▸ **What is expected**
The entire listing, reproduced exactly and stripped of images, is the expected output.

▸ **Data provided**

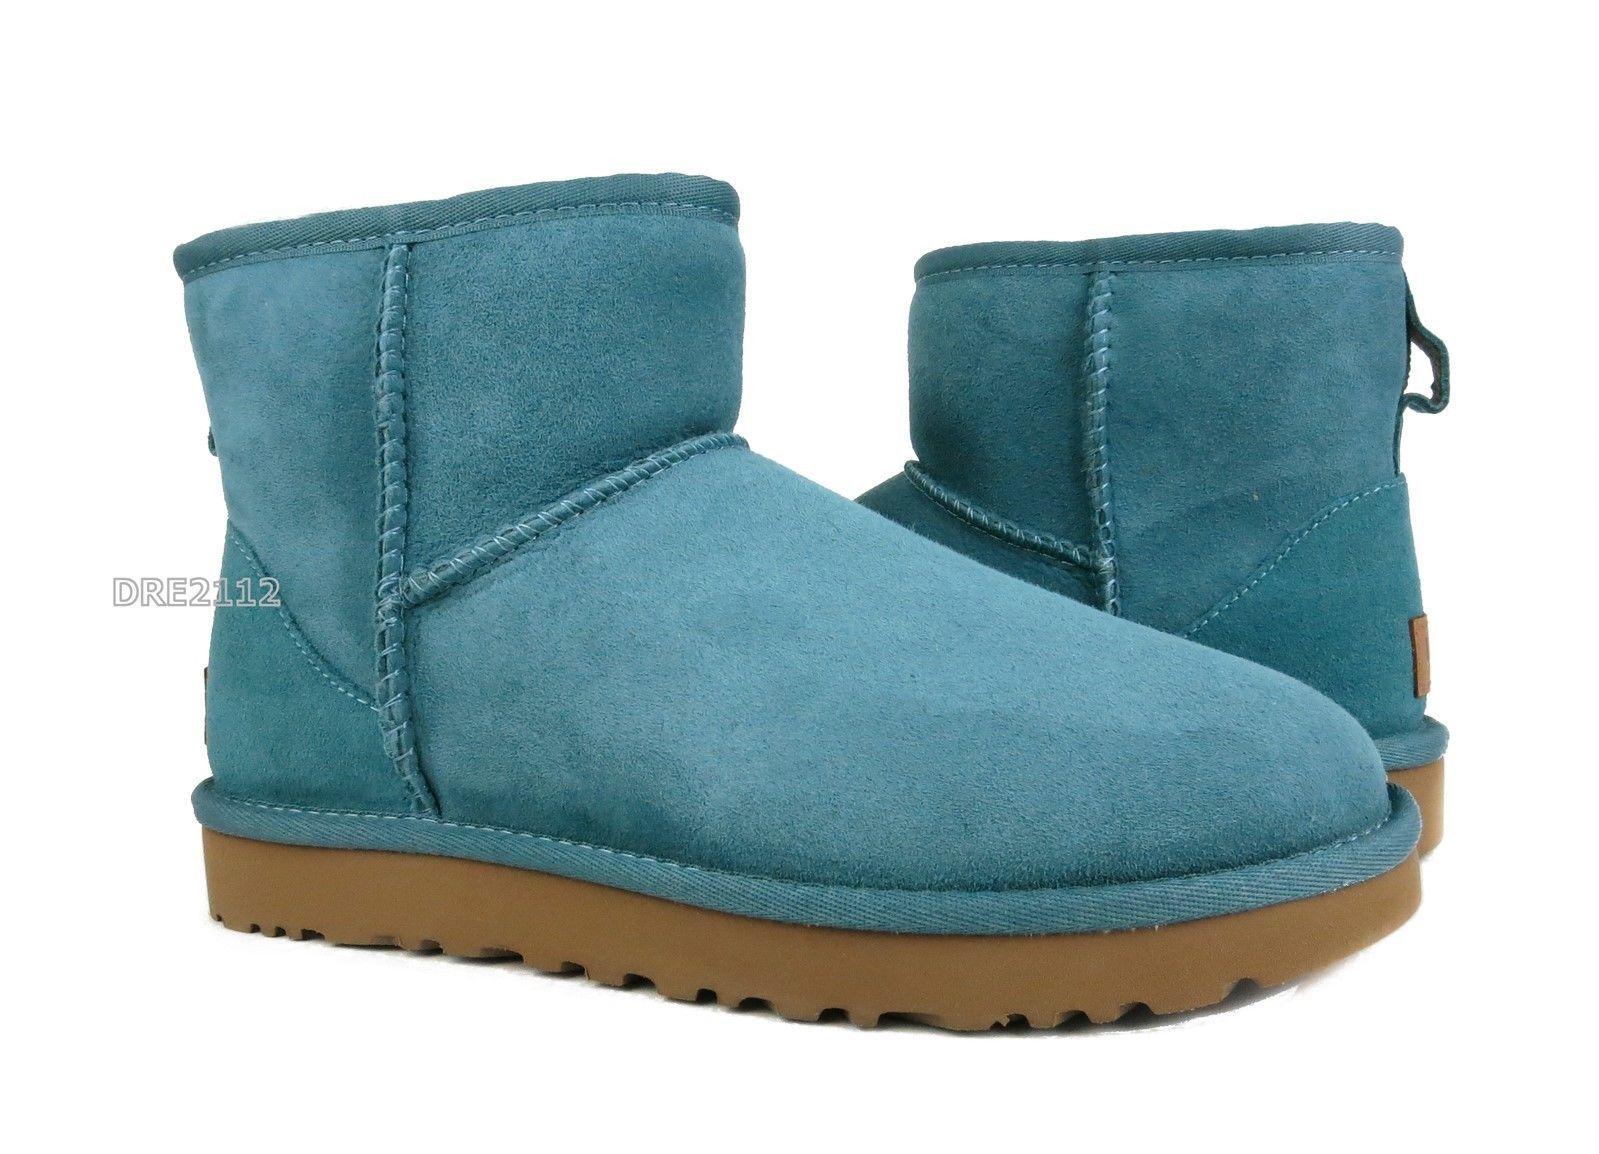 d9a0de564ae 92.36   UGG Classic Mini II Cascade Blue Suede Fur Boots Womens Size ...
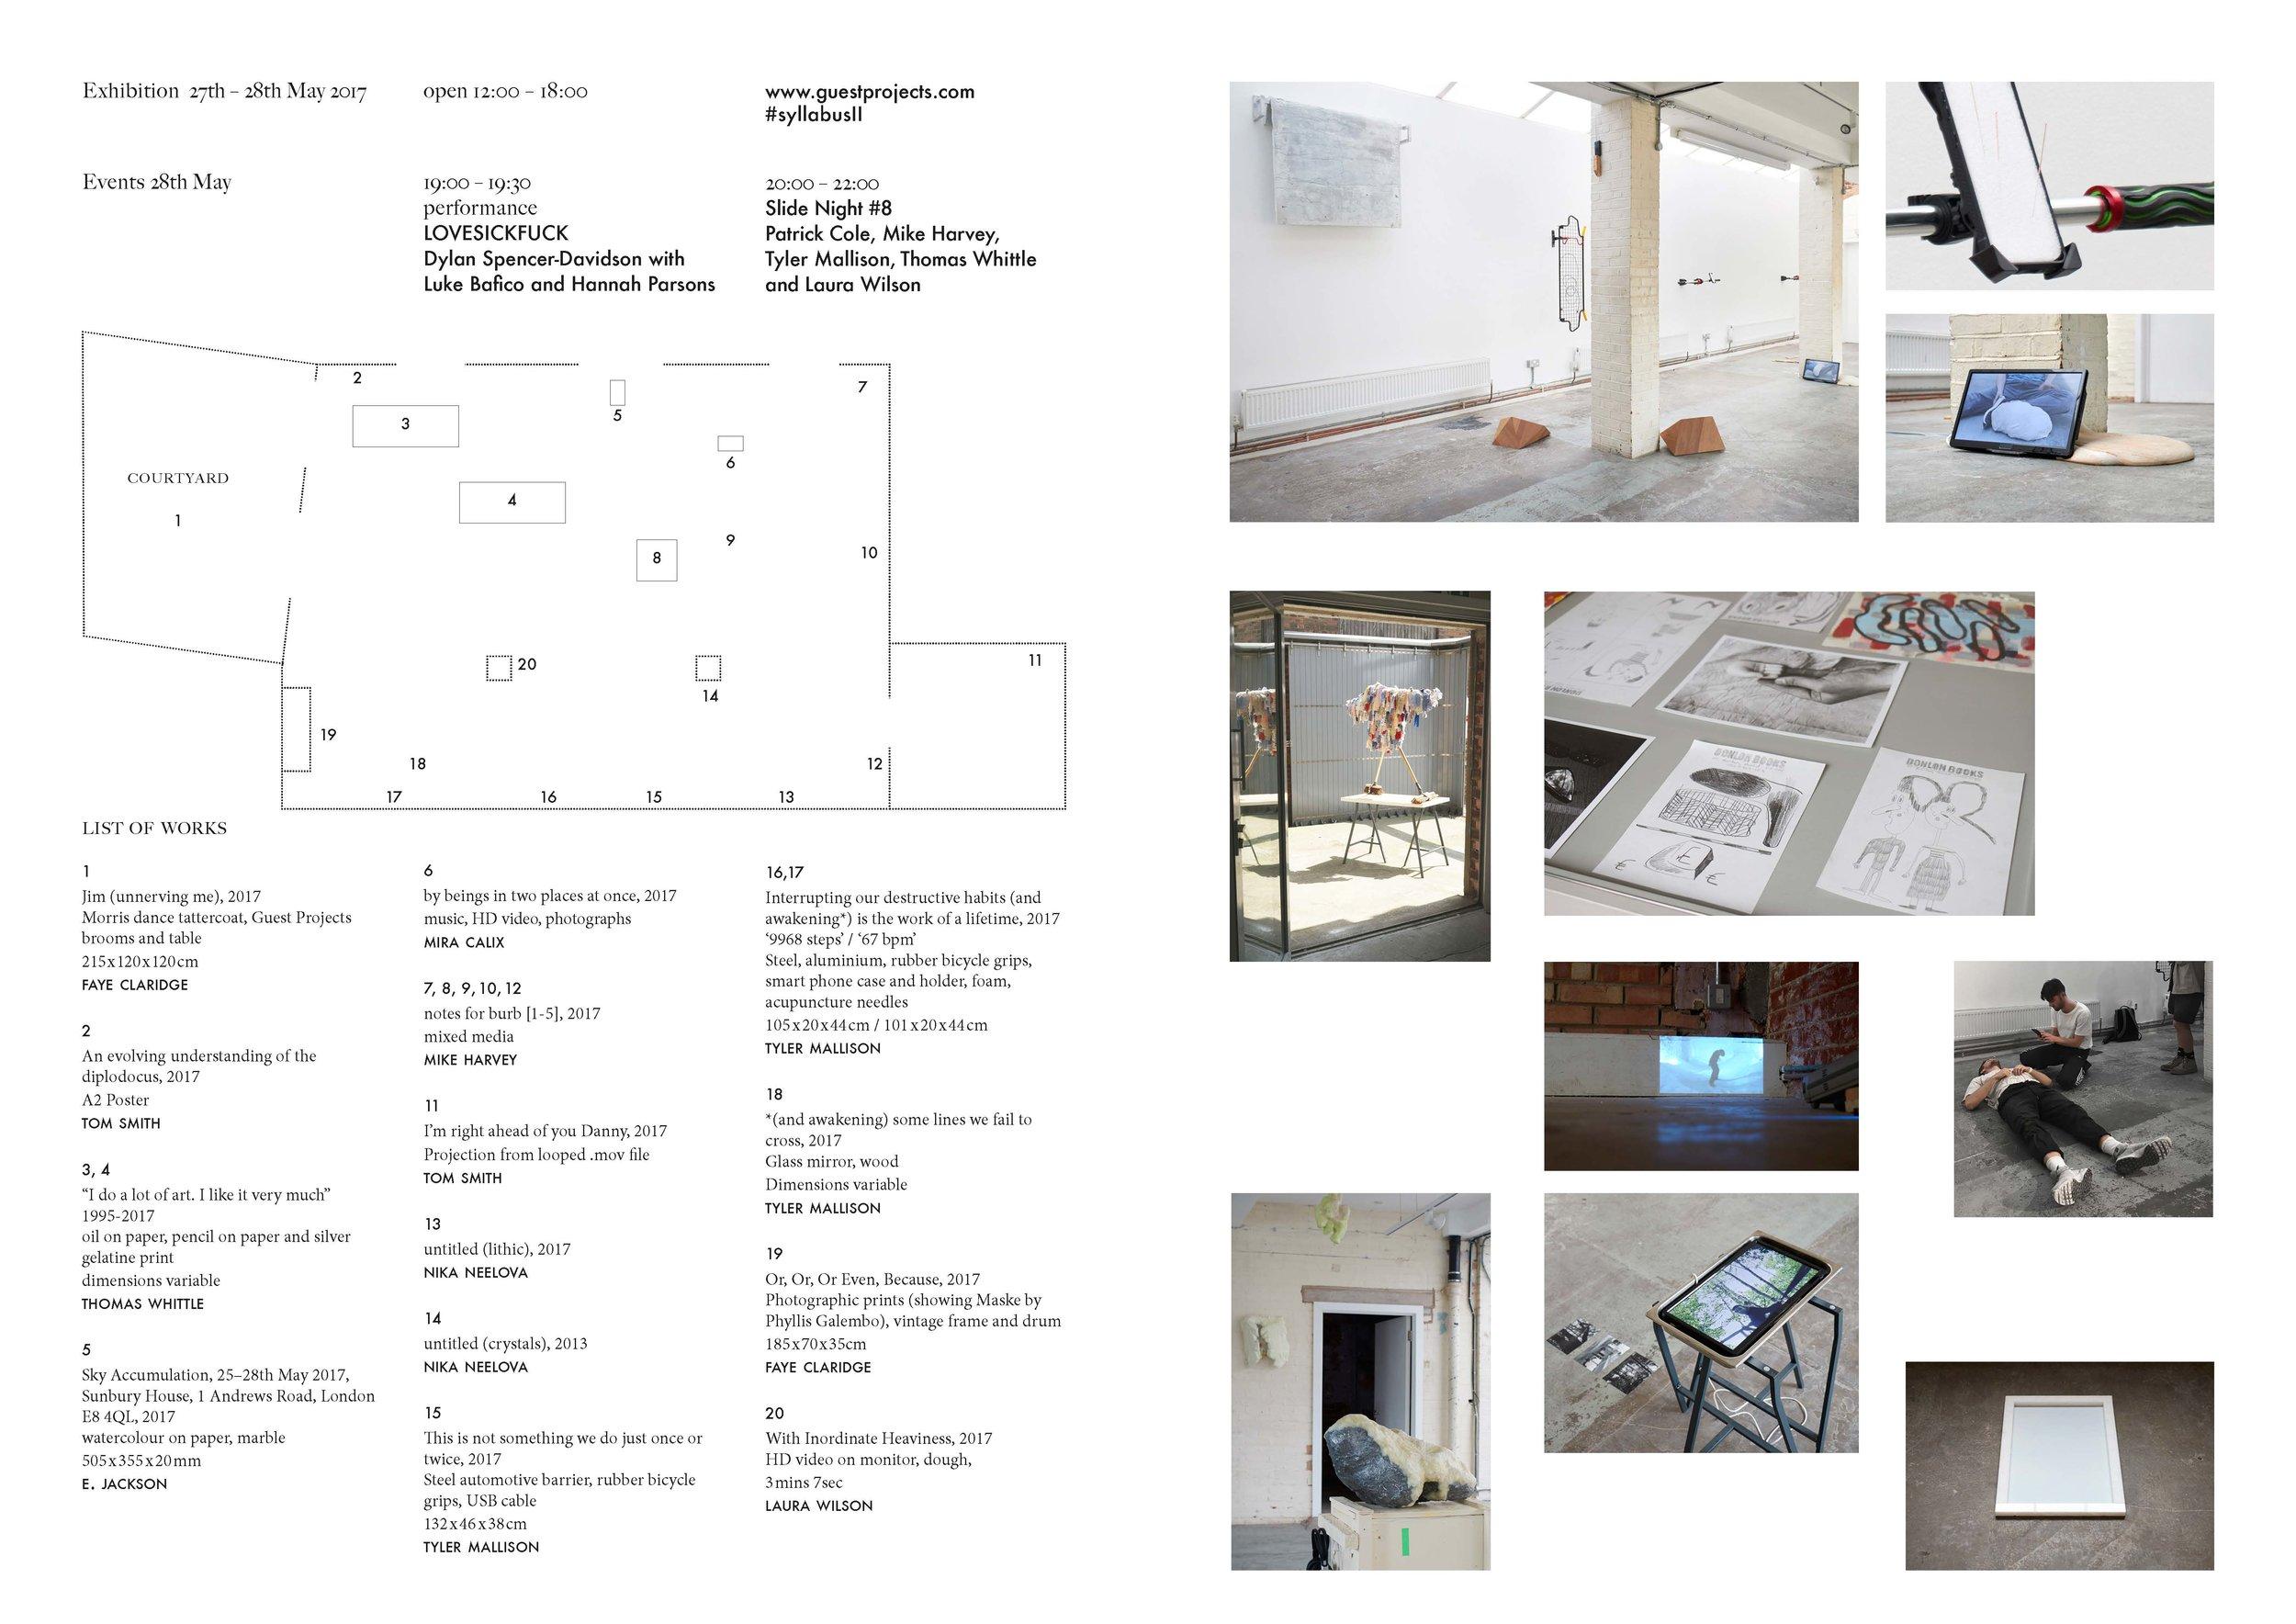 Click image to view PDF
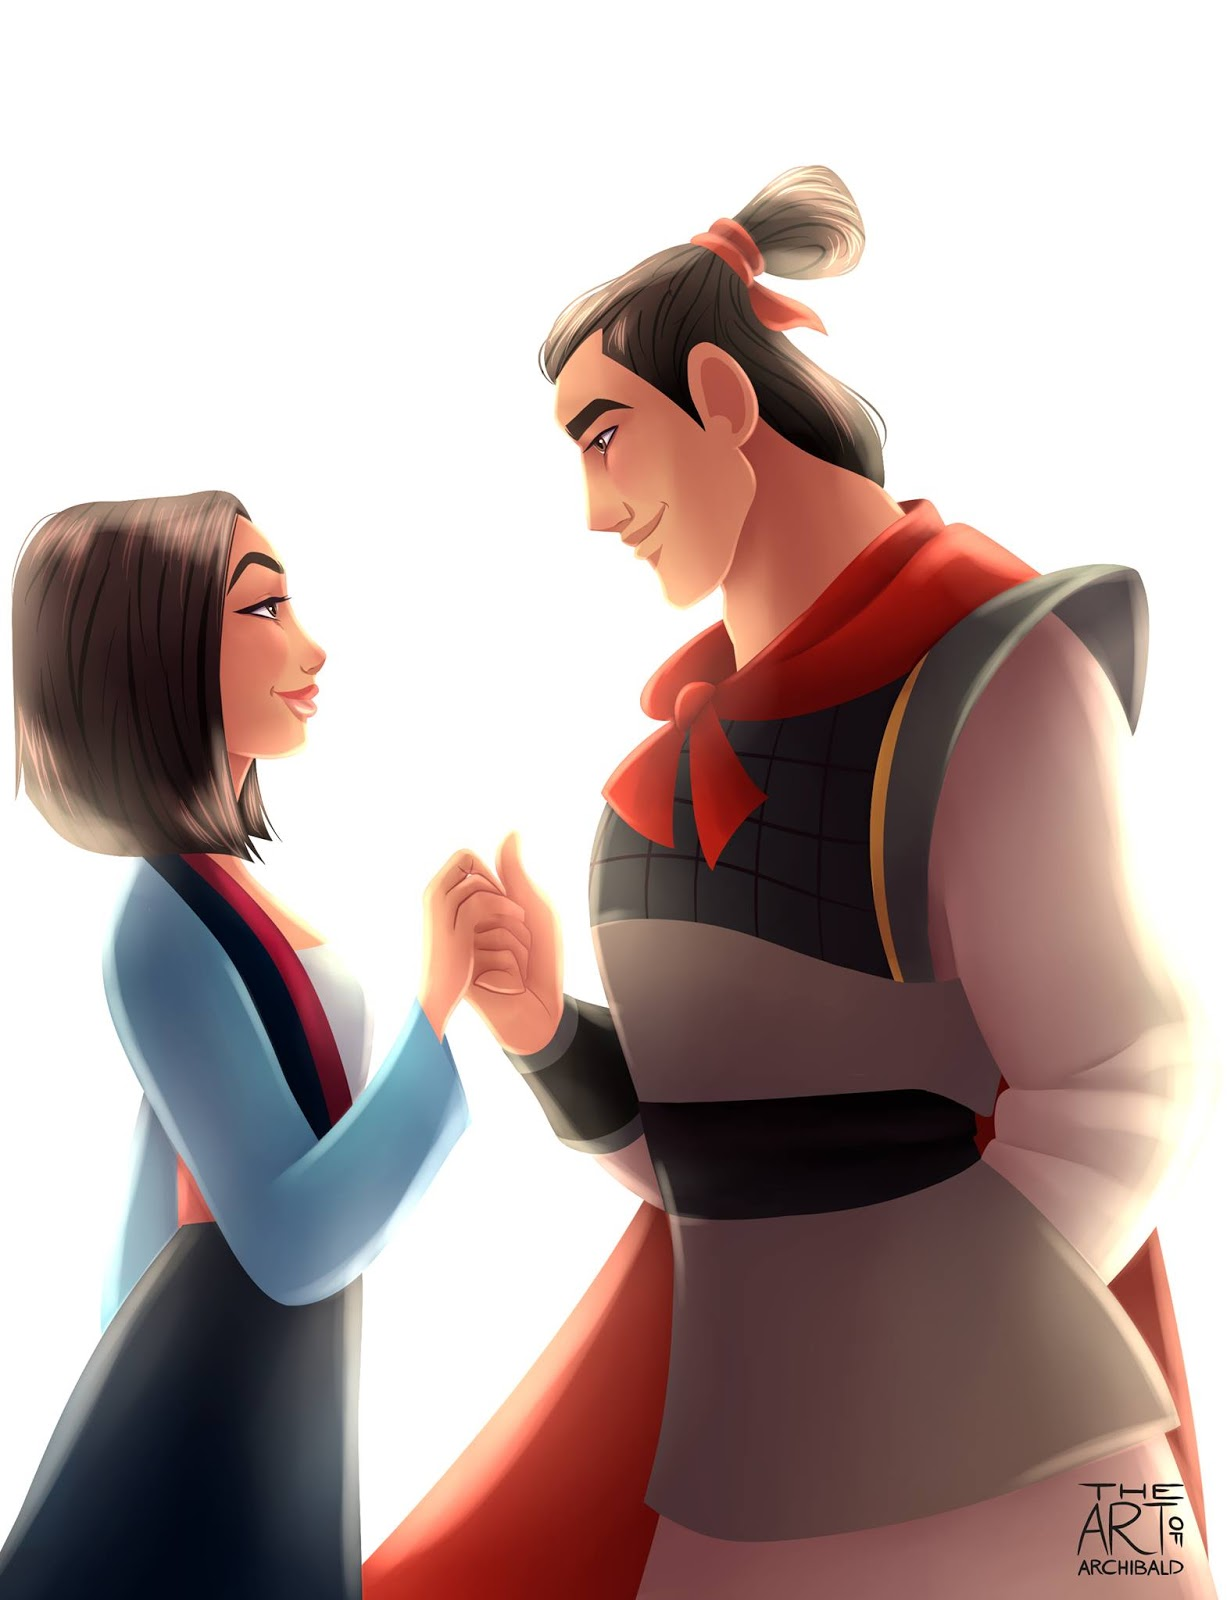 Disney cast os casais disney de archibald parte 1 como por exemplo mulan e shang que fofos eles ficaram nesta fanart adorei fandeluxe Gallery

▸ **Finished task**
 d9a0de564ae 92.36   UGG Classic Mini II Cascade Blue Suede Fur Boots Womens Size ...
 Click image to view PDF
 Disney cast os casais disney de archibald parte 1 como por exemplo mulan e shang que fofos eles ficaram nesta fanart adorei fandeluxe Gallery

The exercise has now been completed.